Treatment options for Primary Progressive MS (PPMS) are limited, with currently only one disease modifying therapy approved for commercial use by Health Canada.

This study seeks to expand treatment options by evaluating the efficacy and safety of fenebrutinib on disability progression in adult participants with Primary Progressive Multiple Sclerosis (PPMS).

Short Name: Consonance
Status: Ongoing (closed for enrolment)

The purpose of this study is to see if ocrelizumab (study drug) will slow the worsening of the signs and symptoms of the progressive form of MS and see how well the study drug is tolerated.

Short Name: GEMINI 1
Status: Ongoing (closed for enrolment)

SAR442168 is a study drug under development for the treatment of MS. SAR442168 is being studied to determine if it will improve physical functioning in subjects with relapsing forms of MS who have disability.

Short Name: OLERO
Status: Enrolling (only participants enrolled in previous trial)
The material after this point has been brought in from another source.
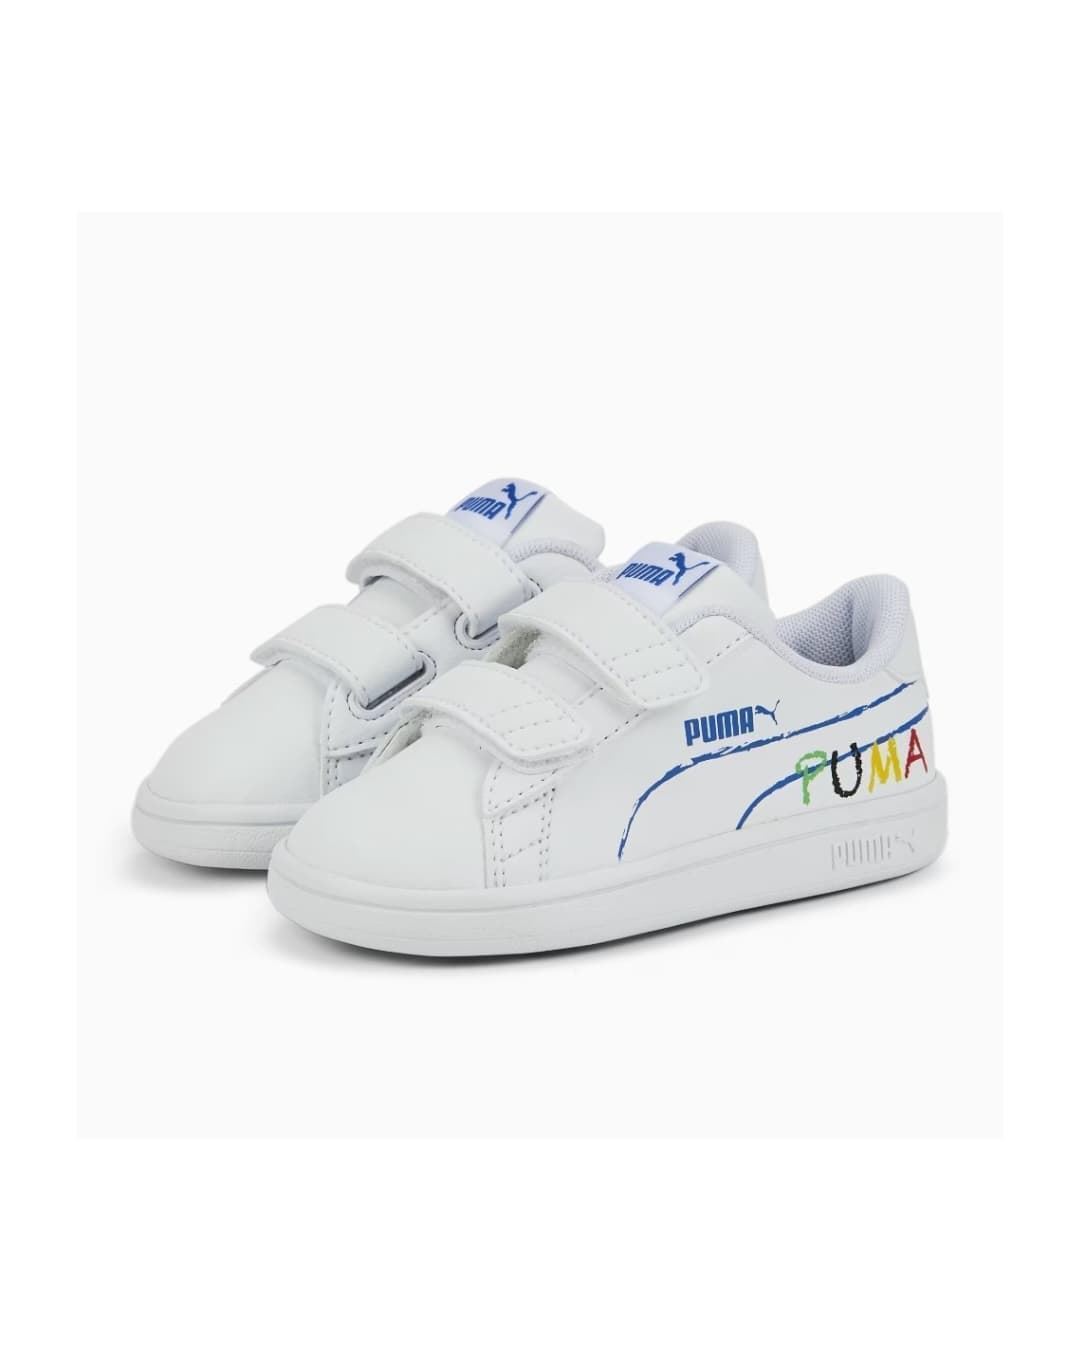 Puma Smash School White Sneakers for Kids - Image 2

This study aims to continue to collect longer-term information on the safety and effectiveness of treatment with ocrelizumab in subjects with either RMS or PPMS. Participants enrolled in this trial have taken part in previous Parent ocrelizumab studies.

Short Name: CanProCo
Status: Ongoing (closed for enrolment)

This is an observational study designed to better understand the factors that contribute to MS disease progression. It uses tools from different fields such as epidemiology (i.e. number of patients and distribution of diseases), medical imaging (MRI), and immunology (blood). This study will use methods from different scientific areas to evaluate a large group (i.e. cohort) of Canadians living with RRMS, PPMS and RIS over a 5-year period.

Short Name: Sakura Moon
Status: Ongoing (closed for enrolment)

The purpose of this study is to collect more data on the long-term safety and efficacy of satralizumab and to continue providing participants with satralizumab treatment after completion of participation in a previous satralizumab study. Satralizumab has been approved by as a monotherapy or in combination with background immunosuppressive therapy (IST) for the treatment of NMOSD in adult and adolescent patients who are aquaporin-4 (AQP4) antibody seropositive by Health Canada.

Short Name: BTK LTS
Status: Ongoing (closed for enrolment)

The purpose of the study is to determine the long-term safety and tolerability of SAR442168 in participants with relapsing multiple sclerosis (RMS). A secondary purpose is to determine the action of SAR442168 on disease activity by monitoring the lesions in the brain with Magnetic Resonance Imaging (MRI) and evaluating the number of relapses and disability status.

Short Name: Liberto
Status: Ongoing (closed for enrolment)

The purpose of this study is to continue providing treatment with ocrelizumab (a type of drug called a monoclonal antibody) to participants after completion of a previous ocrelizumab clinical trial to see the long-term safety and effectiveness of this drug. Monoclonal antibodies act like your body’s immune system and attach to certain cells to attack germs and other illnesses in your body. Ocrelizumab attaches to certain types of white blood cells (B cells) that are thought to play a role in MS.